38% of webpages that existed in 2013 are no longer accessible a decade later
Code reuse, mirroring, and copyright
- Disagreement on whether you can mirror useful code from random websites to GitHub.
- One view: license “depends,” but small snippets for educational/archival purposes likely fall under fair use (in the U.S.), and much code is closer to “idea” than “expression.
- Counterpoints:
- Fair use is an after-the-fact legal defense, not a shield.
- Many jurisdictions don’t have fair use at all; in some (e.g., Germany) mirroring could clearly be infringement.
- Safest route is to follow the explicit license or just keep private copies.
Ephemerality vs preservation (“feature or bug”)

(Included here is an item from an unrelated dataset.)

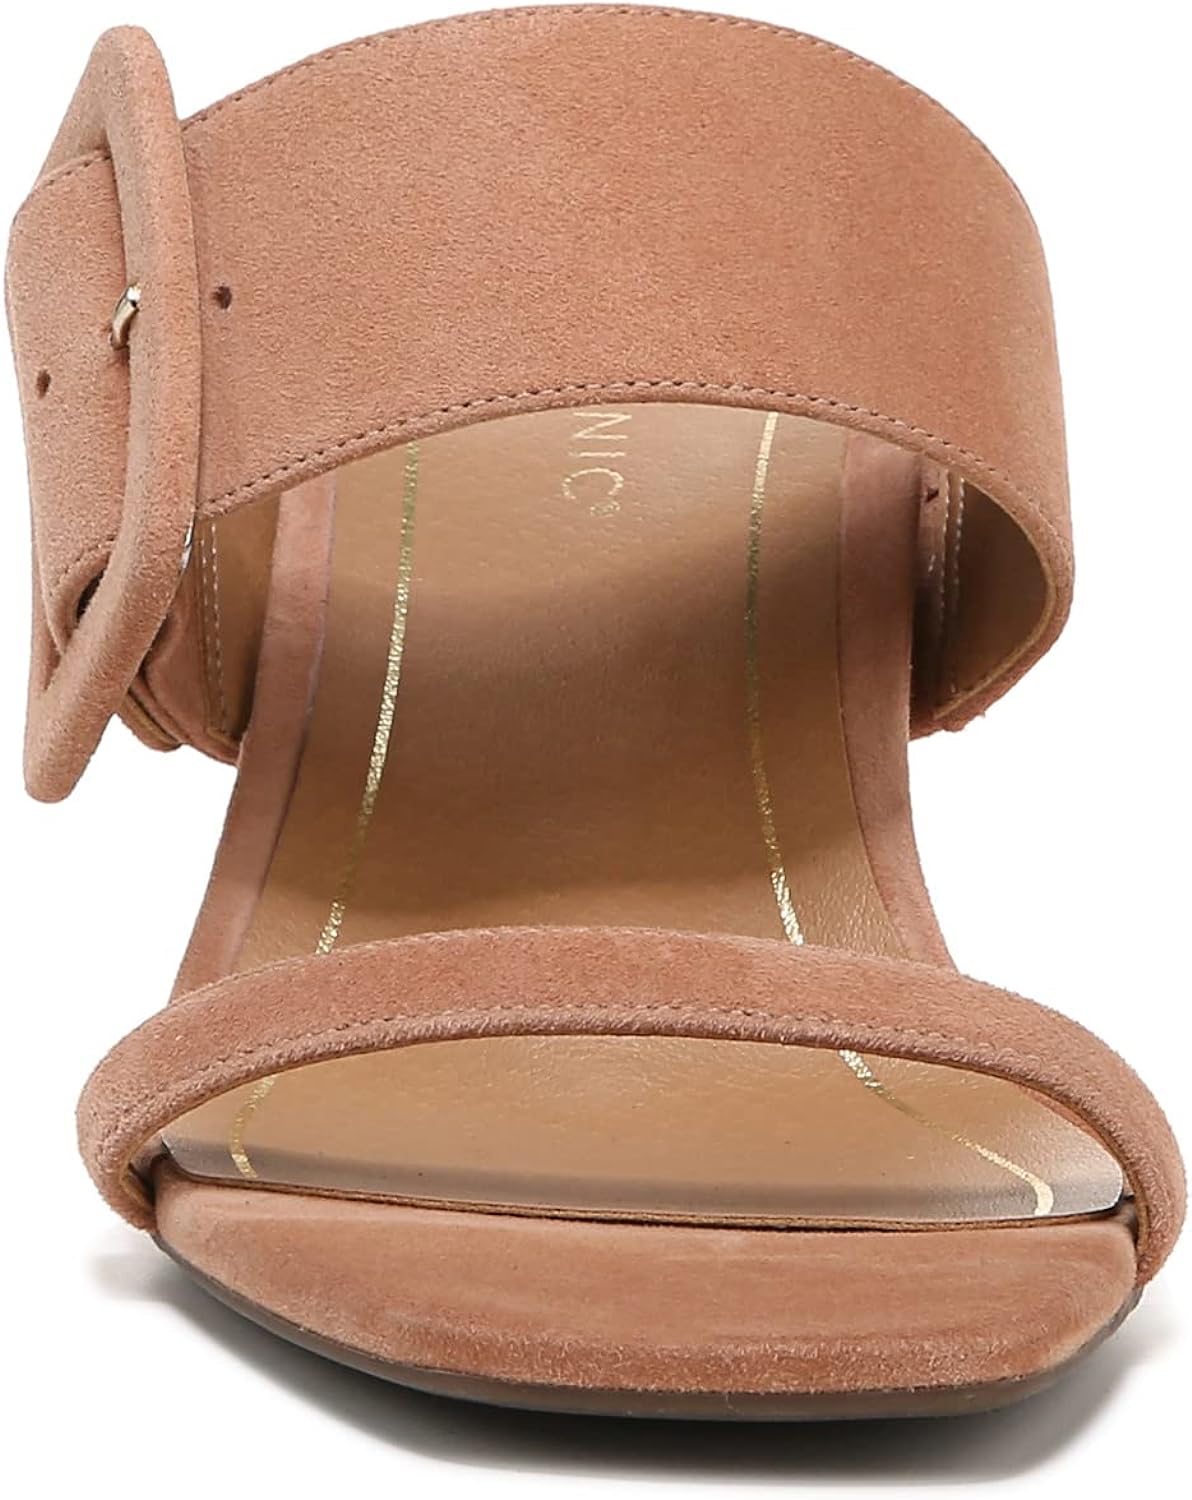 Vionic Women's Garnet Brookell Leather Heel Sandal

- Some argue disappearance is good: forgetting is healthy, storage and attention are finite, and we shouldn’t try to fight entropy.
- Others push back: rediscovering lost scientific/cultural knowledge is costly; future historians and archaeologists benefit from “store everything,” including mundane content (analogy to Sumerian clay-tablet trash heaps).
- Debate over “worthy content”: highly subjective; we can’t predict what will matter in 100–10,000 years.
- Moral angle: if disappearance is treated as a “feature,” who decides what vanishes, especially when data is in private platforms or behind paywalls?
Archiving practices and tools
- Strong praise for the Internet Archive; several commenters donate and use it heavily, but worry about its legal exposure.
- Many now save local copies (PDF, MHTML, SingleFile, Epub) instead of merely bookmarking.
- Tools mentioned: ArchiveBox, Linkwarden, bookmarklets that auto-save to Wayback, browser extensions, self-hosted link archives.
- Some post their site content to public Git repos so others can mirror or rebuild it.
Technical causes of decay
- Dynamic and database-backed sites are fragile: code rot, dependency changes, CVEs, framework deprecations, and unmaintained APIs kill sites even if the HTML would still work.
- Static sites on stable hosting (e.g., S3, GitHub Pages, plain HTML) are seen as the most durable.
- TLS, server maintenance, and costs of commercial hosting contribute to short lifetimes; domains lapsing is common.
Centralization, walled gardens, and discoverability
- Widespread shift from independent sites/forums to Facebook pages, Instagram, Reddit, and Discord:
- Small businesses often use Facebook as their only presence; people without accounts are excluded or discouraged.
- Forums and niche communities move to private or semi-private groups/Discords; information becomes harder to search, index, or archive.
- Mixed views:
- Some lament the loss of an open, diverse “Web 1.0” and the burying of high-signal hobbyist content.
- Others welcome semi-closed spaces: knowledge stays within communities, less exposed to scraping, SEO spam, and large ML models.
How bad is 38%, and what is lost?
- Some are surprised the number isn’t higher, given business churn and hobby sites dying.
- Others see “62% still alive” as still troubling, especially for references in Wikipedia, news, government sites, and niche resources (e.g., immigration forums).
- Recognition that search engines increasingly surface SEO-heavy or “content farm” material, while older, high-quality but inactive sites sink or vanish.
- Several respondents have already taken old content offline intentionally, sometimes explicitly because of AI scraping concerns.